Dodge AI has raised $2.65 million to change how that work gets done, with an AI platform that resolves incidents and change requests across enterprise applications while documenting the custom logic that makes each system unique. The round was led by Accel and Google’s venture arm, with participation from New Build Venture Capital, Antler, Schema Ventures and angels from the SAP ecosystem.

Why this matters now

For decades, enterprise application maintenance has run through large system integrators like Accenture, TCS, and IBM. The standard playbook: put 20 to 50 people offshore to handle incidents, change requests, background jobs, and the everyday operational fires that keep enterprise systems alive.

That model keeps the lights on, but it creates a deeper problem. Fixes go undocumented, customizations pile up, and technical debt compounds inside systems of record.
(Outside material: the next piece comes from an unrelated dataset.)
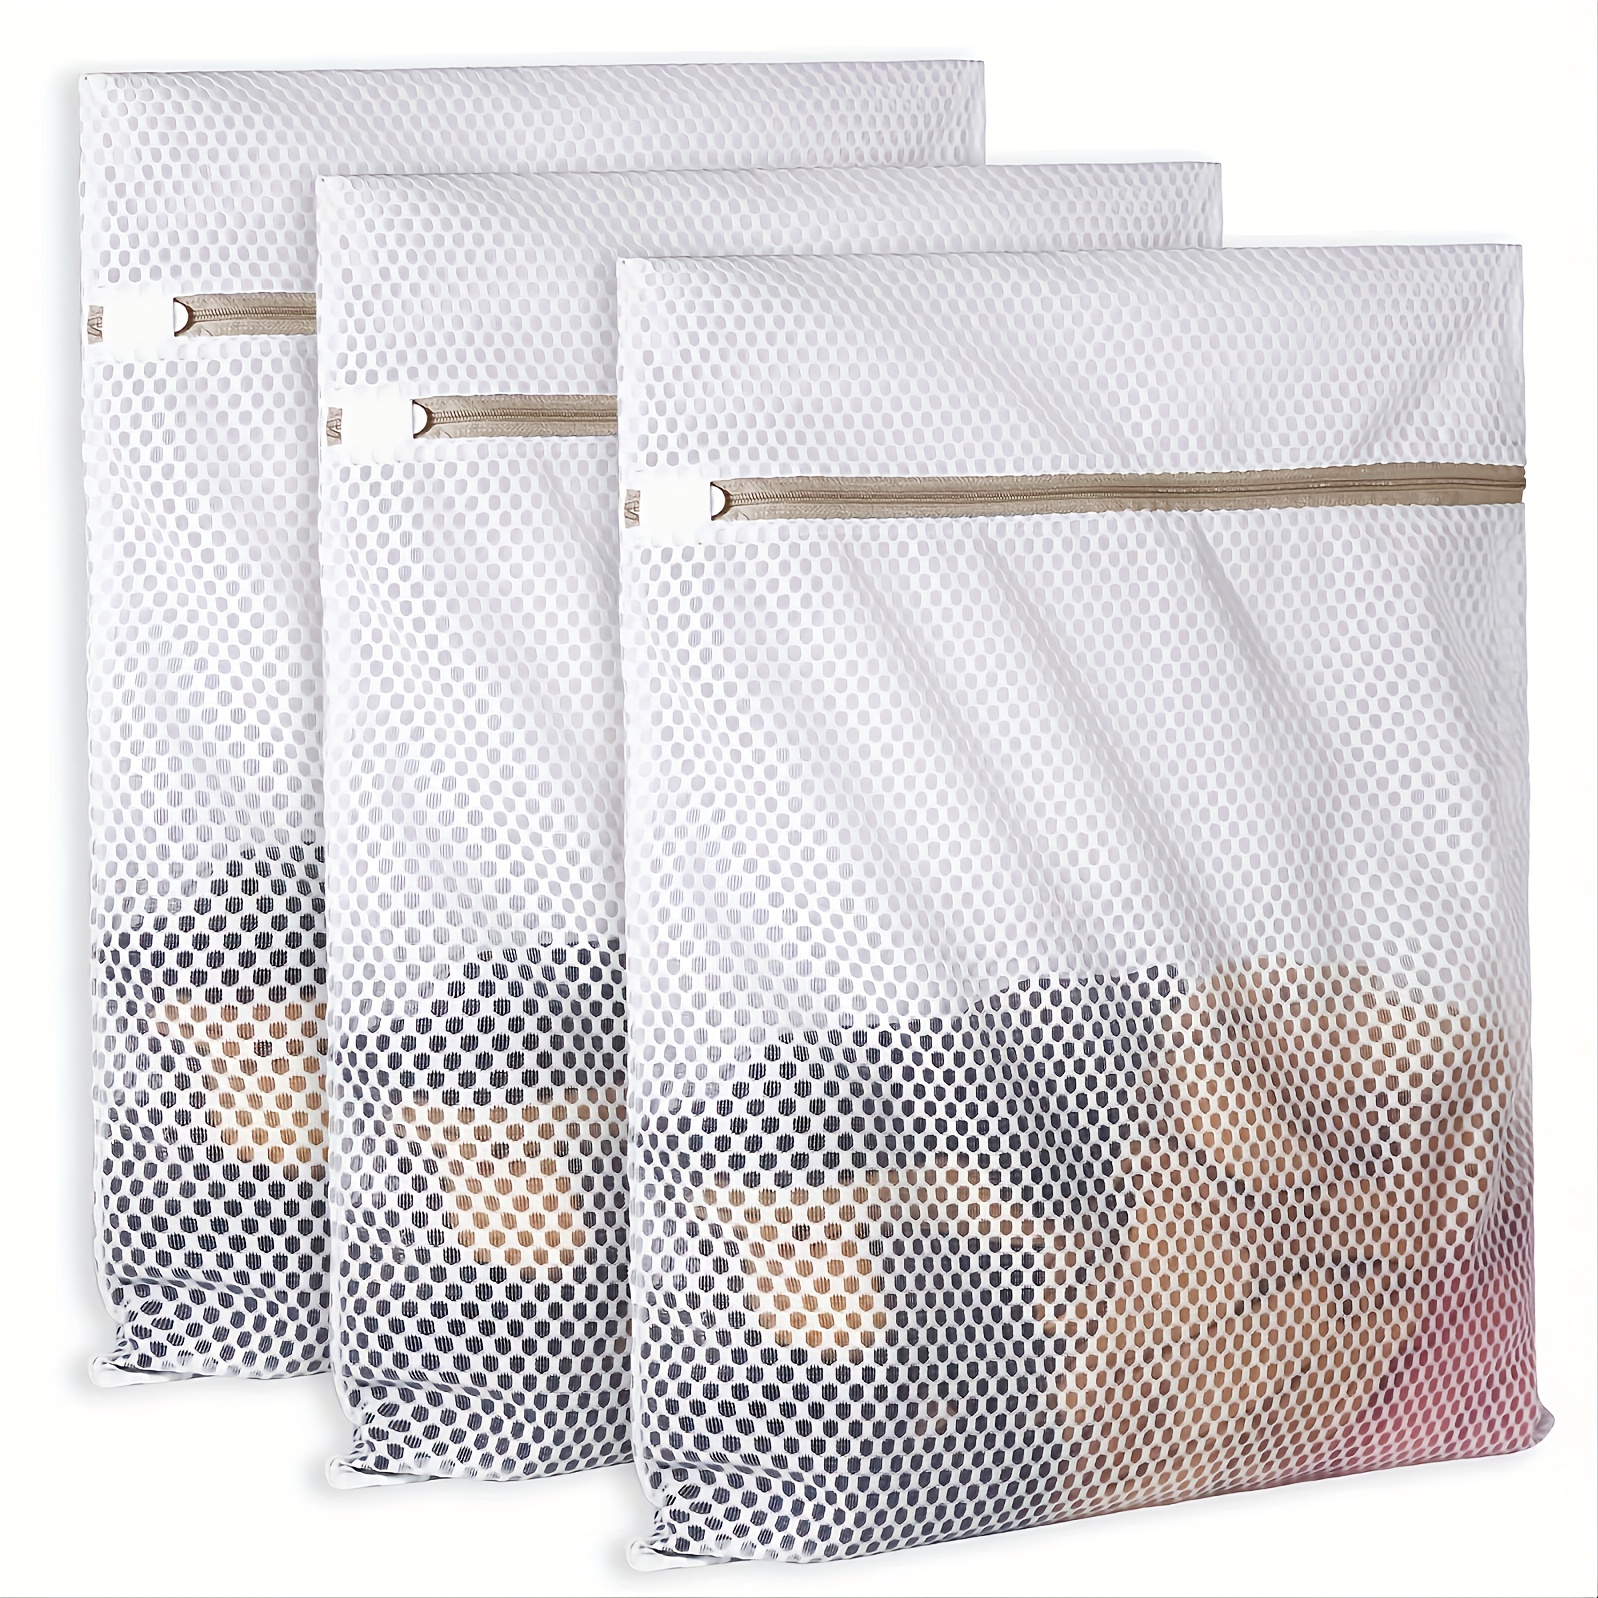 3-Pack of Premium Bra Wash Bags for Delicates - Double-Wall Protection  Laundry Bags are Best for Protecting Delicates, Lingerie, and Socks

Over time enterprises grow more dependent on their maintenance partner, because the knowledge of how the system actually works lives across tickets, consultants, configuration layers, and memory.

What Dodge AI is building

Dodge AI’s platform acts as a control plane across enterprise applications including SAP, Salesforce, Microsoft Dynamics, Kinaxis, Oracle JDE and the other systems that sit at the core of large companies. It connects across business processes, ERP customizations, ITSM systems, and legacy configurations to pinpoint root causes, recommend fixes, and modernize faster.

The platform is also designed to become a source of truth for agents operating in production. In enterprise systems, the most important knowledge lives in the exceptions: why one warehouse allocates inventory differently, why one pricing rule overrides another, why a background job runs only at night.

Traction

Dodge AI is already working with more than a dozen enterprises, half of them publicly listed companies, on incident management and process optimization across stacks like SAP, Kinaxis, and Microsoft Dynamics. The platform fields hundreds of queries every hour, giving Dodge AI a widening view into how enterprise systems break and which patterns drive repeat maintenance work.

The results are concrete. When a truck could not load at a warehouse because a Goods Receipt Note was printing incorrect information, Dodge AI traced the fault across SAP, Kinaxis, and internal warehouse software and delivered a fix within minutes. Another customer had been running inventory planning overnight because SAP kept crashing if it ran in the morning; Dodge AI modernized the process and made it 132x faster, freed the team of 10 people maintaining it, and improved order allocation time by 8 hours.

What’s next

Dodge AI sees maintenance as the entry point to a much larger change in enterprise IT. Companies want to modernize, but CIOs cannot risk breaking systems that already work, and tight budgets are consumed by daily incidents. Solving maintenance first frees IT teams from constant firefighting and gives them a clearer path to modernization, because the same exception intelligence that resolves incidents today is what lets production agents operate safely inside mission-critical systems tomorrow.

The company is now pushing deeper into the maintenance layer, into the exceptions, configurations, and operational logic that define how each enterprise actually runs. Whoever understands mission-critical systems best gets to automate them, and Dodge AI is turning the hidden intelligence inside every enterprise into the operating manual for the agents that will run enterprise IT.